Kathleen Turner, known for words that smoke rather than shimmer, is joining the cast of Gaetano Donizetti’s “The Daughter of the Regiment” in the non-singing role of the Duchess of Krakenthorp, the Met said Thursday.
She received an unexpected email this summer from Met general manager Peter Gelb proposing the idea.

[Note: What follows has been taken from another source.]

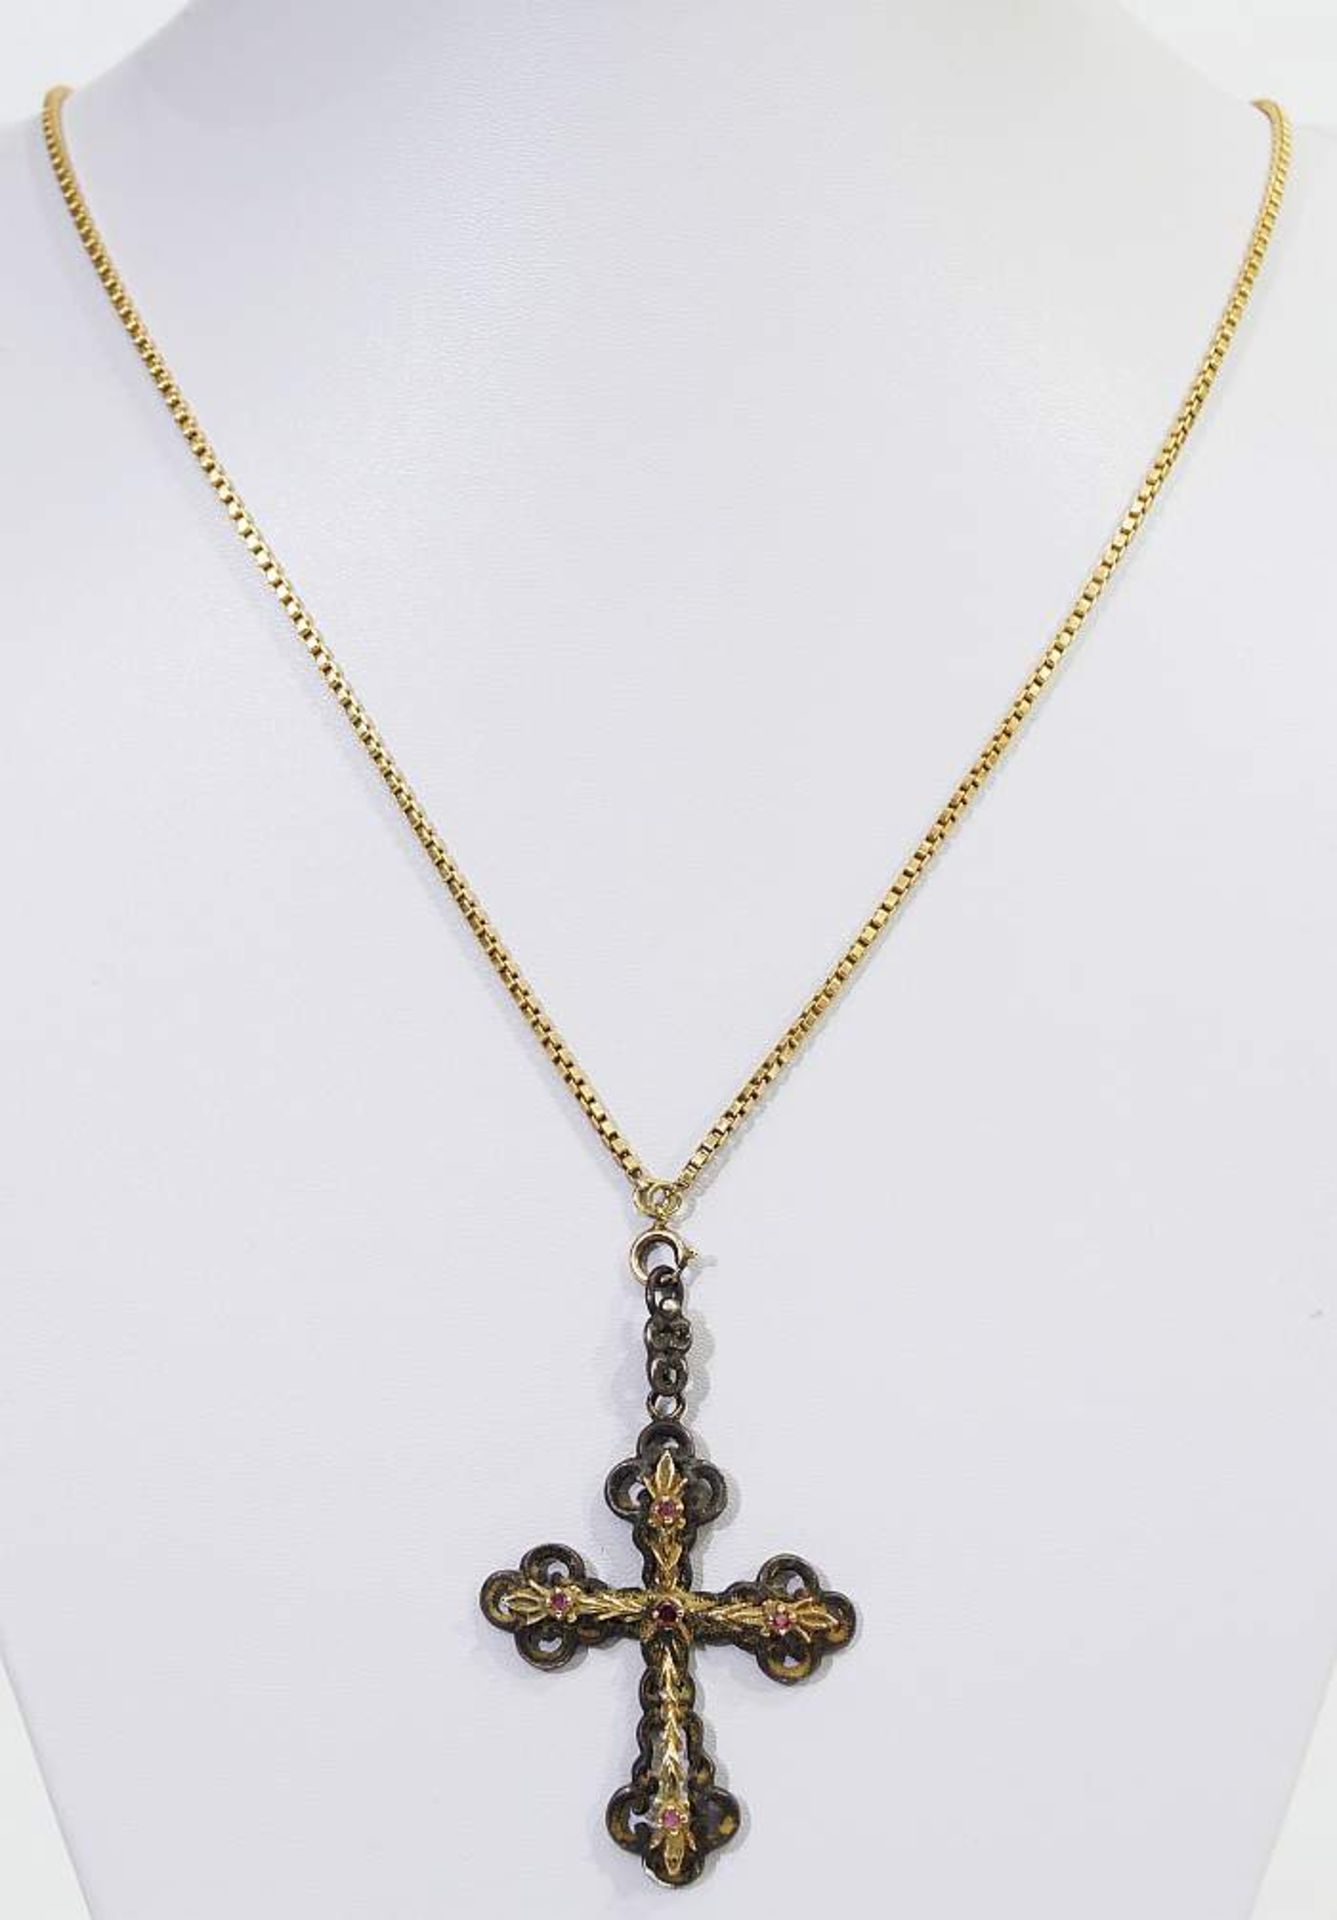 Kreuzanhänger mit Kette. Kreuzanhänger mit Kette. Silber/585er Gelbgold. Seitlicher Besatz wohl

Asked to describe her voice, Turner terms it “kind of baritone.”
“Peter says I’m one of the few women he knows who can sing ‘Ol’ Man River’ in the original key,” she said during an interview Wednesday with her distinctive, throaty laugh.
An Academy Award- and Tony Award-nominated actress, the 64-year-old Turner will appear in seven performances of the comic opera from Feb. 7 to March 2, the last televised to movie theaters around the world in high definition.
“I was thinking of interesting, bigger-than-life personalities, and Kathleen came to mind, Gelb said.
Turner received an Academy Award nomination for “Peggy Sue Got Married” in 1997 and Tony nominations for Tennessee Williams’ “Cat on a Hot Tin Roof” in 1990 and Edward Albee’s “Who’s Afraid of Virginia Woolf?” in 2005.
The Duchess has seen star turns of retired and semiretired singers, actors and even a famous jurist.
Supreme Court Justice Ruth Bader Ginsburg, a noted opera fan, performed it in November 2016 on the opening night of the Washington National Opera’s season.